Alphabet Aktie: John Jumper geht zu Anthropic
Zwei prominente KI-Forscher verlassen Alphabet, der Aktienkurs fällt deutlich. Analysten sehen den Konzern im Wettbewerb um Spitzenkräfte unter Druck.

- Schlüsselforscher wechseln zu OpenAI und Anthropic
- Börsenwert um rund 250 Milliarden Dollar gesunken
- Milliardeninvestitionen in KI-Infrastruktur geplant
- Neue Partnerschaft mit Filmstudio A24 vereinbart
Zwei Abgänge. Rund 250 Milliarden Dollar Börsenwert vernichtet. Was am Montag bei Alphabet passierte, zeigt, wie empfindlich der Markt auf Personalverluste im KI-Rennen reagiert.
Schlüsselforscher wechseln zur Konkurrenz
Noam Shazeer, Co-Leiter des Gemini-Projekts und Mitautor des wegweisenden Transformer-Papers „Attention Is All You Need“ von 2017, wechselt zu OpenAI. Shazeer war erst 2024 zu Google zurückgekehrt — im Zuge eines Deals rund um Character.AI, der auf rund 2,7 Milliarden Dollar geschätzt wurde.
Kurz darauf folgte die nächste Hiobsbotschaft. John Jumper, Chemie-Nobelpreisträger 2024 und Mitentwickler des Protein-Faltungssystems AlphaFold bei DeepMind, verlässt Google nach fast neun Jahren. Sein Ziel: Anthropic.
Analysten von D.A. Davidson bezeichneten die Abgänge als schweren Schlag im „Talentkrieg“ der KI-Branche. Der Verlust von Grundlagenforschern könnte die Weiterentwicklung des Gemini-Modells bremsen.
Milliarden verbrannt, Kapitalfragen offen
Die Alphabet-Aktie schloss am Montag bei 306,05 Euro — rund 13 Prozent unter dem Allzeithoch von 350,75 Euro aus dem Mai. Der RSI liegt bei 40,5 und nähert sich damit überverkauftem Terrain.

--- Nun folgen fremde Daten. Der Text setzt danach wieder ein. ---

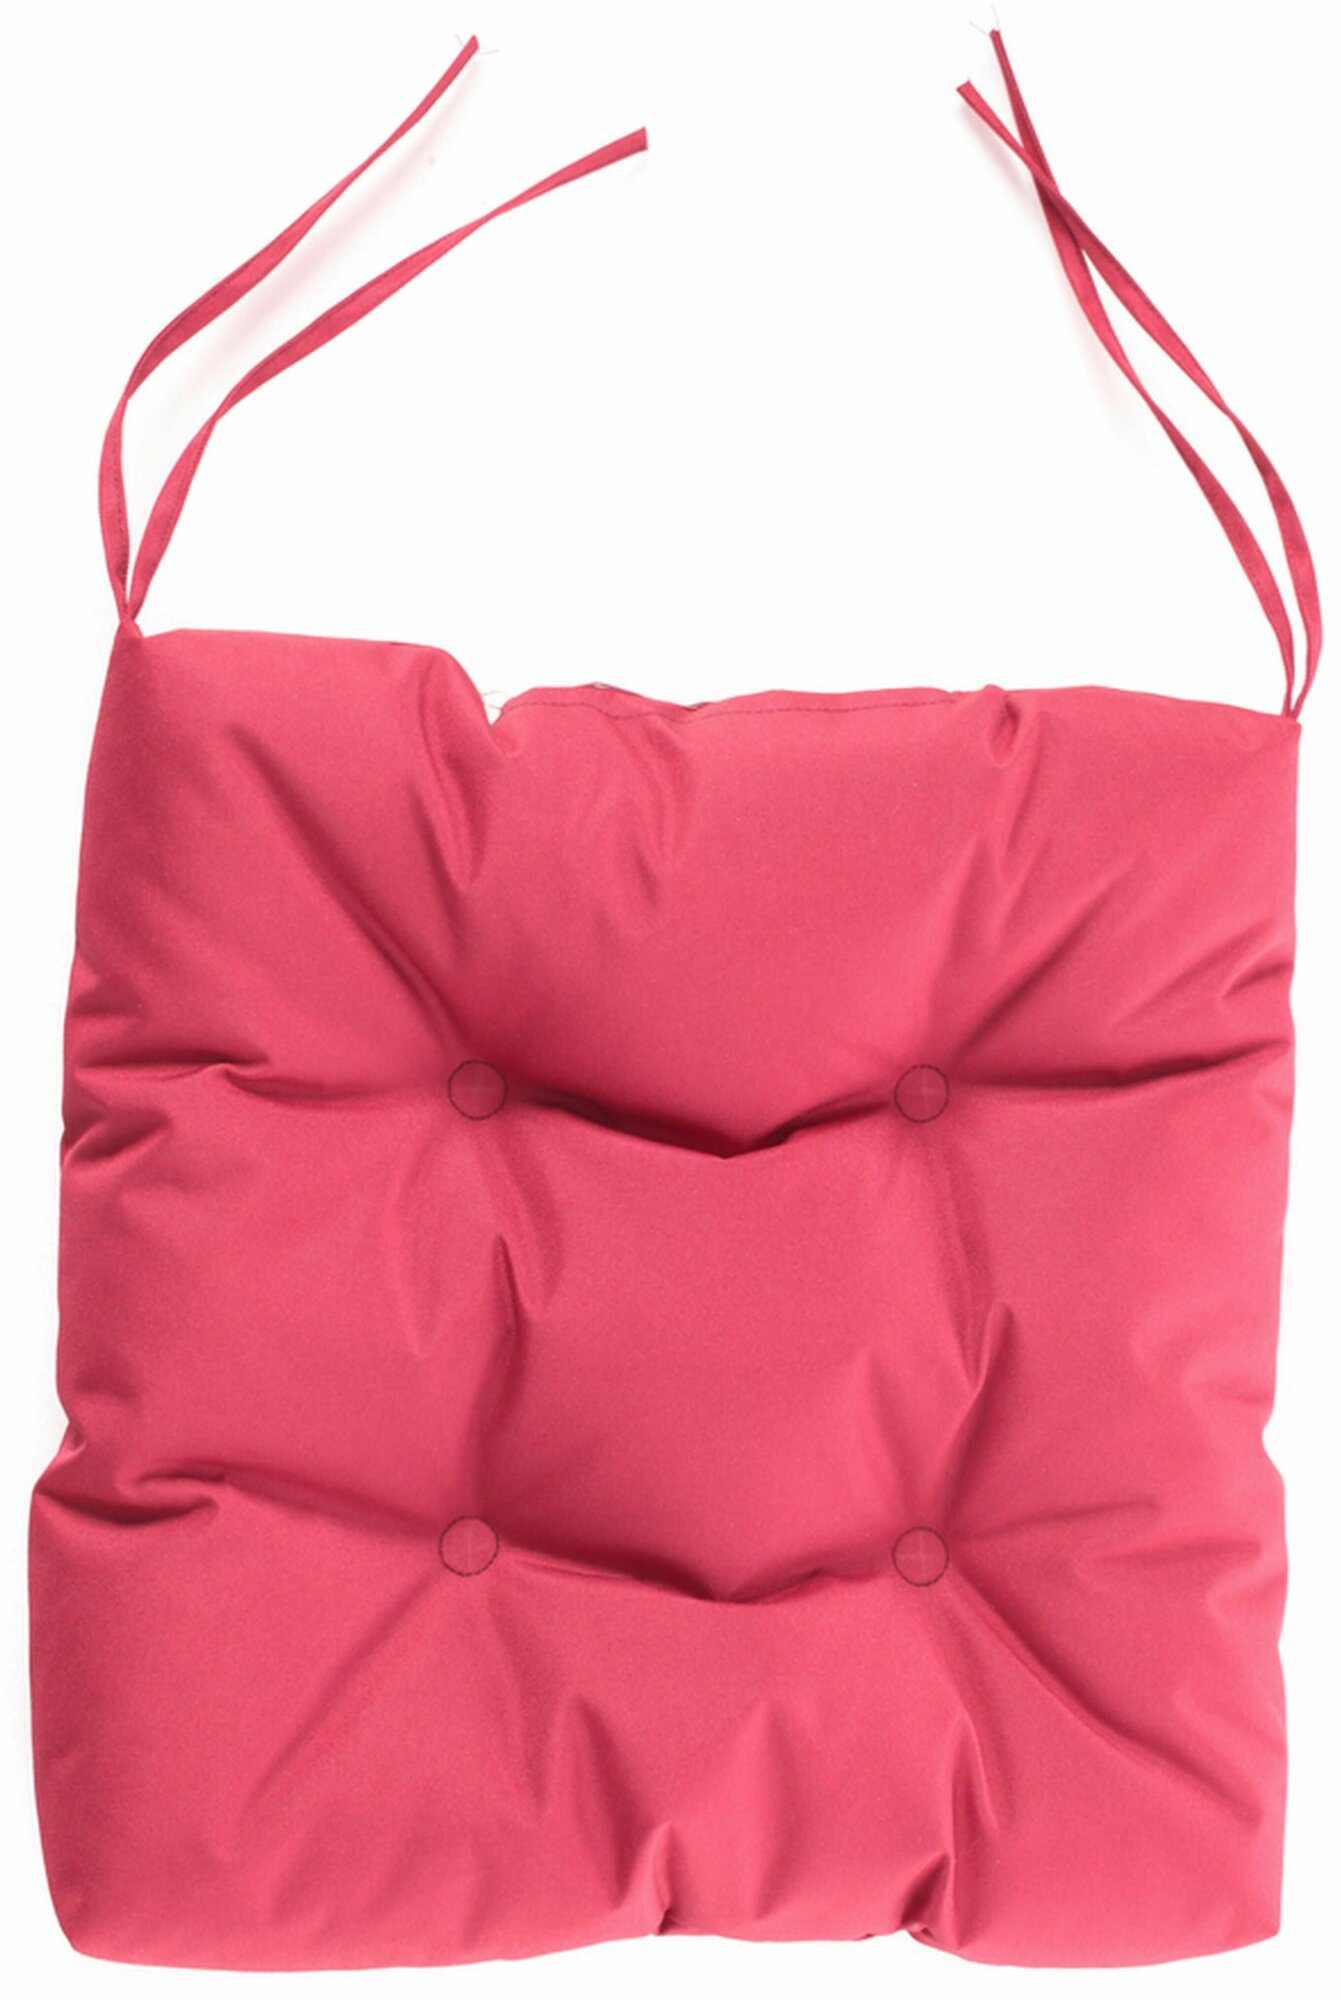 Подушка для стула Туба-Дуба Дачные Посиделки ПДП001 40x40 см цвет вишнёвый

Der Kursrückgang trifft Alphabet in einer Phase massiver Ausgaben. Das Unternehmen plant für das Gesamtjahr 2026 Investitionen zwischen 180 und 190 Milliarden Dollar in KI-Infrastruktur. Der freie Cashflow brach im ersten Quartal um 47 Prozent auf 10,1 Milliarden Dollar ein.
Microsoft-Chef Satya Nadella warnte zuletzt vor einer „Kommodifizierung“ von KI. Das schürt Zweifel, ob die enormen Investitionen sich auszahlen — und verstärkt die Nervosität der Anleger.
Partnerschaft als Kontrapunkt
Ausgerechnet am Tag des Ausverkaufs meldete Google DeepMind eine Partnerschaft mit dem Filmstudio A24. 75 Millionen Dollar fließen in die Entwicklung neuer KI-Werkzeuge für die Filmproduktion. Ein Signal, dass Alphabet seine KI-Ambitionen trotz Personalverlusten vorantreibt.
Die Aktie notiert weiterhin deutlich über ihrem 200-Tage-Durchschnitt von 268,87 Euro — der langfristige Aufwärtstrend ist intakt. Ob das reicht, um das Vertrauen der Anleger zurückzugewinnen, hängt maßgeblich davon ab, wie Alphabet die entstandenen Lücken in seiner Forschungsführung schließt. Die nächste Bewährungsprobe liefern die Quartalszahlen im Juli.